Заговорив о Базаралы, Даркембай вспомнил и о Такежане. Он все еще преследует тех его родичей с урочища Шуйгинсу, которые сделались теперь жатаками. Хотя они полностью выплатили наложенную на них судом пеню, он не довольствовался этим. Такежан, Азимбай, Майбасар и другие кунанбаевцы нещадно притесняют их, словно говоря: «Почему же все вы сидите на месте, воображая себя целым народом? Почему не разбрелись кто куда? Почему не просите подаяния, стоя у нашего порога?»
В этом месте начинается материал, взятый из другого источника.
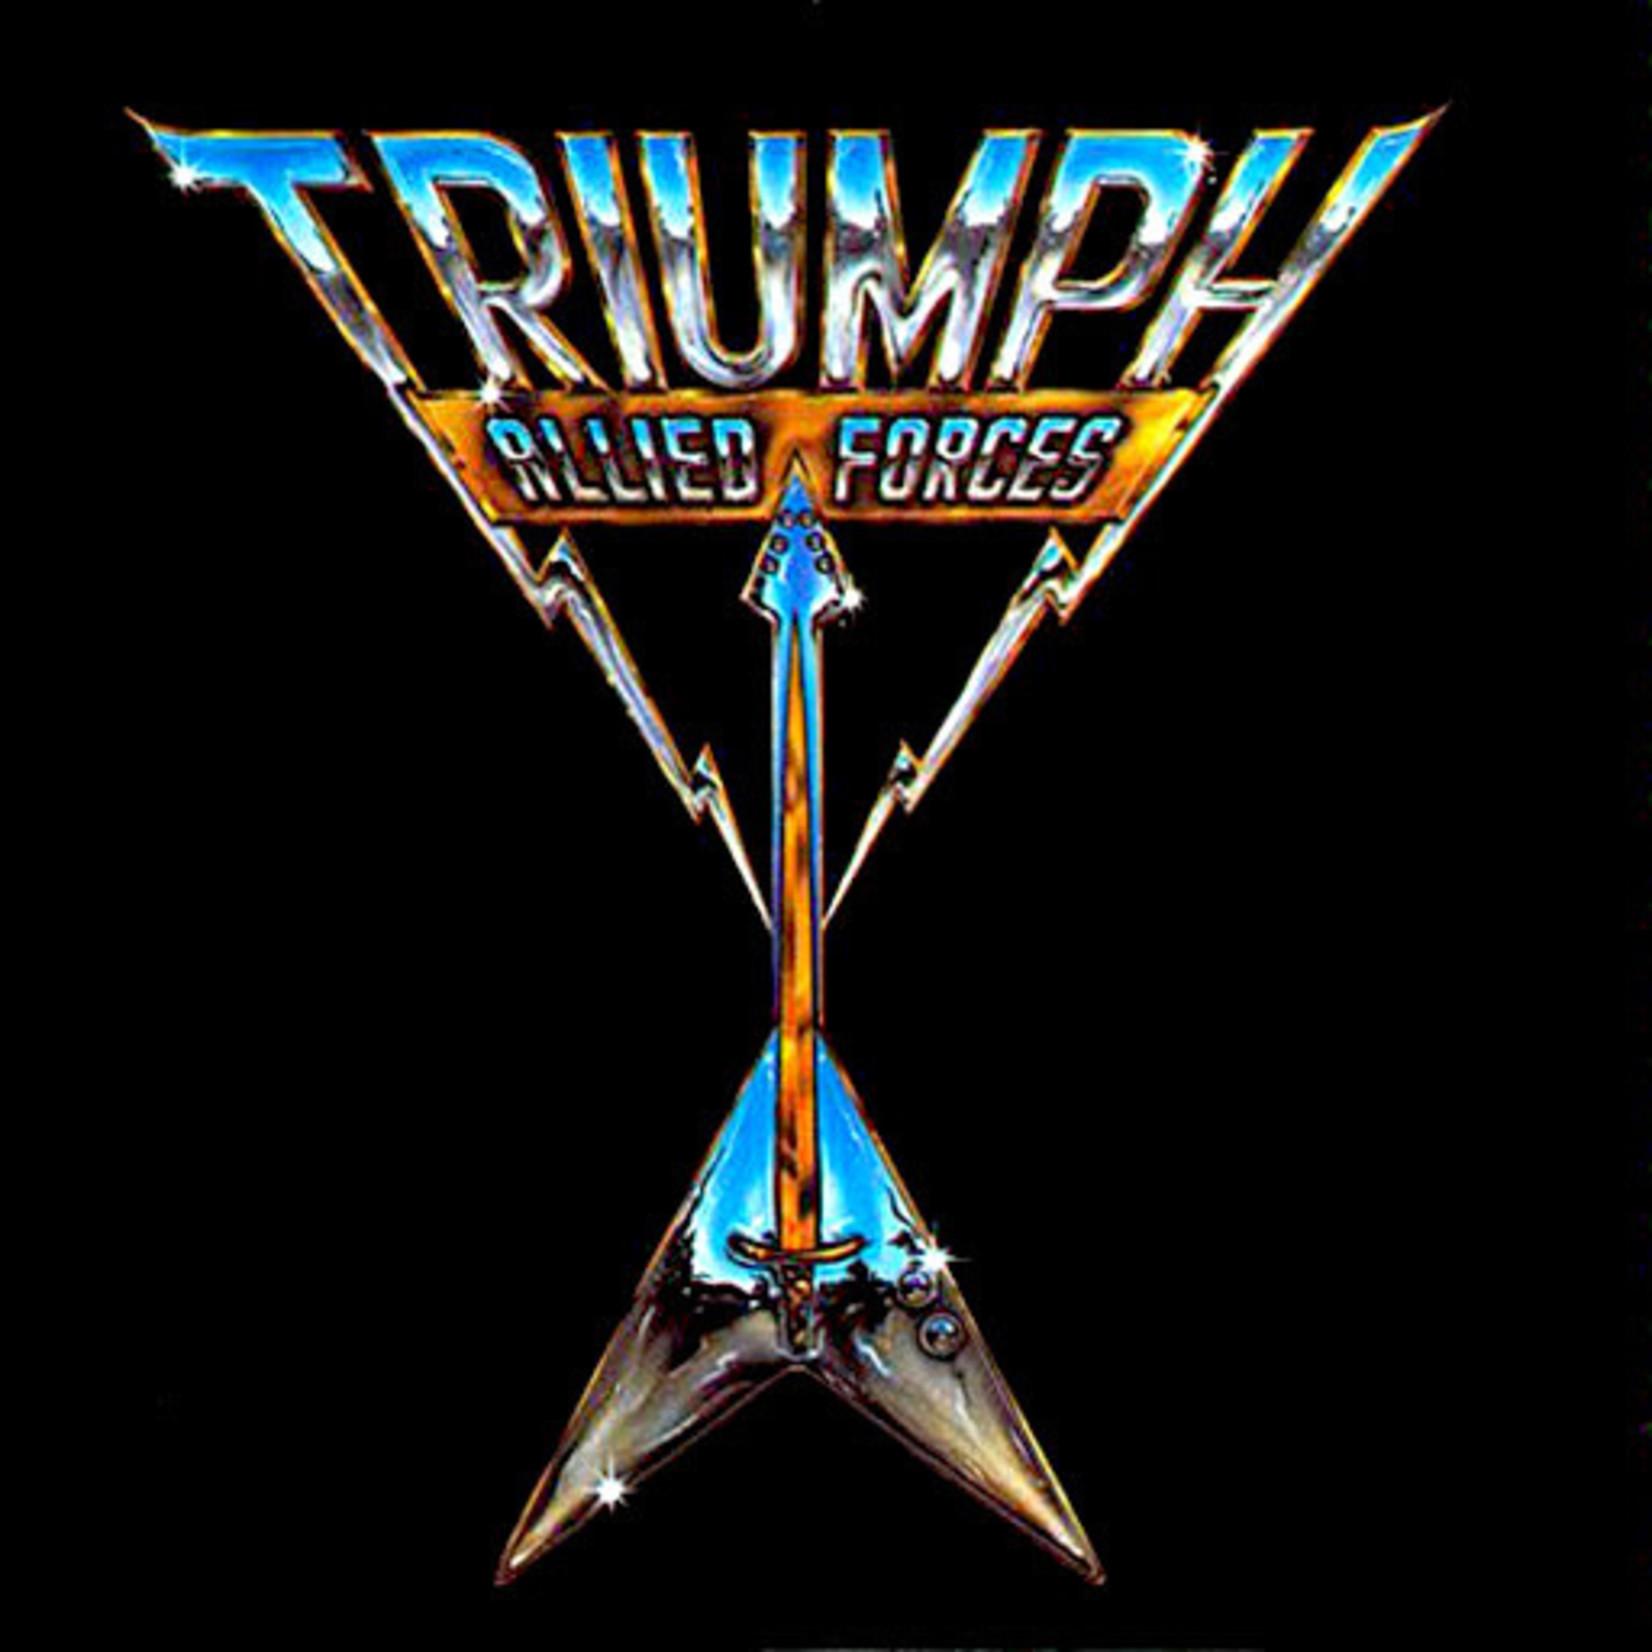 [Vintage] Triumph: Allied Forces

— Они по-прежнему чинят над бедняками всякие насилия, травят их посевы, — говорил Даркембай. — Да и нас не оставляют в покое. Если они еще позволяют нам жить, так не потому, что боятся бога, а потому, что оглядываются на Абая. Они его все же боятся, хотя злы на него… Есть такой косой дьявол по имени Уразбай. В прошлом году, пока был жив Оспан, он собирал целую дружину, чтобы нанести ему удар. Искал увесистых дубинок не только у нас, на Чингизе, но и на Бугылы, и на дальнем Шагане. Собирал себе союзников и в Кокше, и в Коныре, и в Мамае. А теперь, слышно, он решил завладеть всем Тобыкты иным способом. Стал опять заигрывать с жигитеками, мечтает поссорить Такежана с Абаем. Подсылает и к Базаралы, пытается и его подбить на свою сторону. Ну, Базекен ему и ответил… Хорошо ответил!
Вскипел чай. Жаныл подала гостям пиалы. Дармен обратился к Абдрахману, договаривая то, чего не досказал Даркембай.
— У Даке и Базекена нет тайн друг от друга. Я думаю, будет правильно, если ты перескажешь Абаю- ага ответ Базекена. Он, наверно, этого и хотел, посылая Абылгазы сюда.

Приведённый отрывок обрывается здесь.